Wednesday, November 28, 2007

When Big Companies Don't Deliver!

Yahoo Small Business had a bit of a hickup on Cyber Monday, if you haven't heard yet, their shopping platform was down for most of the day on arguably the biggest shopping day of the year -- so far. In this case, Yahoo Small Business clients took a big financial hit on a pretty important day. Also, their retail customers were not unhappy with Yahoo, they were unhappy with the small seller who's site didn't work. So the small seller is impacted both in the wallet and in customer satisfaction due to no fault of their own. What did these small businesses receive as compensation for their trouble, an apology.

Earlier this year, Skype had a major outage of their service and customers that relied on that service were unable to communicate using Skype for the better part of a day, again there was a simple apology and a promise to do better.

eBay has had a major outage in the past, PayPal has had several, not to mention the constant glitches being reported by sellers with both services. In the case of PayPal some items were being shipped to old addresses because of a glitch in the database and sellers were getting emails blaming them. In fact, in most cases the small business is blamed for the problem because they are the direct contact to the customer. Heck, even shipments sent through the post office that get lost or delayed are blamed on the seller rather than the Post Office. When I answered email in the early days of my business I was always amazed that I was responsible for the delivery by the post office. Of course, in an effort to retain a customer I did my best to help the customer out by shipping a replacement, refunding for a lost shipment or compensating them for the delay.

More often then not the only compensation the small business owner receives is an apology and a promise to do better. In the case of the post office its "why didn't you pay for insurance, delivery confirmation, Express mail because its guaranteed".

Sure, many of these problems are corrected quickly, systems are beefed up or rules are put in place to prevent it from happening again but the small business takes it in the shorts every time with little to no compensation. Many of the day to day glitches are more of an annoyance rather than a major problem but small business owners have little margin for error. They aren't sitting on Billions of dollars in cash so they can write down the value of a mistake (Skype) most small businesses can't take many hits that are out of control in addition to the mistakes they make on their own.

How can small business owners hold their service providers accountable?
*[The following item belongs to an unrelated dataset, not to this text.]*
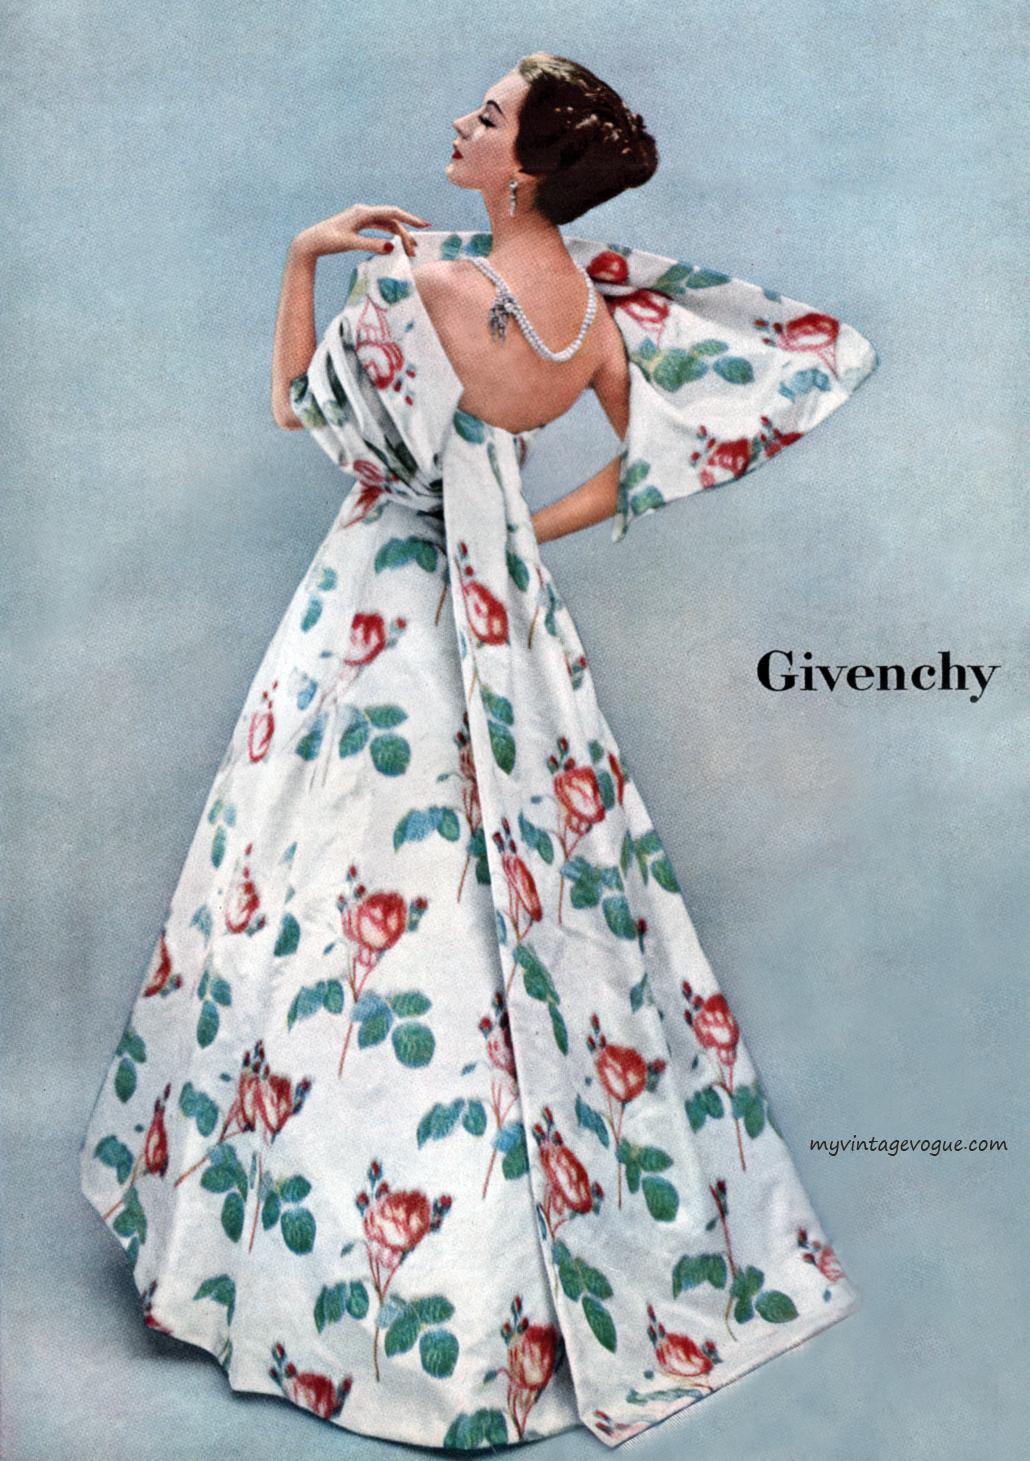 ladies-home-journal-1956-dovima-wearing-givenchy---photo-by-richard-avedon.jpg

They need to demand an SLA (Service Level Agreement) that spells out compensation for not meeting minimum service levels. eBay, PayPal, Skype, Amazon, Yahoo, Google and many others that charge for a service need to make service level promises that they either keep or they compensate their customer.

In the TV Business there is a think called "Make-Goods" where a network will compensate an advertiser with additional airings of their commercial, if the show did not meet the ratings goal. It is the same concept as an SLA. Small Business owners should demand an SLA agreement from their service providers.


Chris said...

Hey Randy
The good news from eBay is that they do have a service level agreement and have spelled out the compensation any affected sellers can expect :-)

Randy Smythe said...

Thanks for the link Chris. Now PayPal needs to have one. Once in place an SLA agreement encourages the service provider to make sure nothing happens which is that goal.

Anonymous said...


Hello Randy: I would never condemn any proposal that is aimed at making sure the seller receives what he pays for. However, even in a best case scenario, the most any of these sites would be willing to offer is compensation for the time they were down, i.e. an extra day of service. It’s purely academic to suggest that Yahoo, eBay or Amazon should compensate sellers for lost sales during the down period, because it would never happen. By the way, I like your analogy of radio stations giving additional spot time to their advertisers when the ratings don’t meet expectations. I was a DJ for several years, and I can tell you that many stations actually give free additional spots anyway. Imagine, giving a customer something extra for free. Wouldn’t it be great if some of these sites followed suit?

Sue Bailey said...

The problem with eBay's so-called policy is that it never kicks in. It's incredibly rare that the entire eBay site is down - in fact, I don't remember it happening ever in the nearly-nine years I've been registered. Instead, *parts* of the site are inaccessible: *some* people can't bid, *some* people can't get into My eBay, etc. etc. etc. And for most of the time that that is going on, eBay Support deny that there is a problem (viz. the recent disappearence of Gallery photos on eBay UK, when Support told everyone that it was a new policy to not show Gallery by default).

The current policy is totally inadequate, just as the current site infrastructure appears totally inadequate.

Randy Smythe said...


I think mainly the concept of an SLA is to incentivise the service provider to improve so that they never have to compensate anyone. I don't think the small businesses I mentioned like yours would care as long as the site is actually up and working properly.

Anonymous, thanks for the link. I am hearing more often than normal that there are problems with PayPal that are going on months now. A PayPal SLA is very much a need.

Sue, your point is very valid. Most SLA's will of course favor the service provider but it is a step in the right direction.

When a Small Business depends on a service provider things can go bad in a hurry when there is an outage or a major glitch. The lesson learned of course is to spread your risk. I learned that the hard way.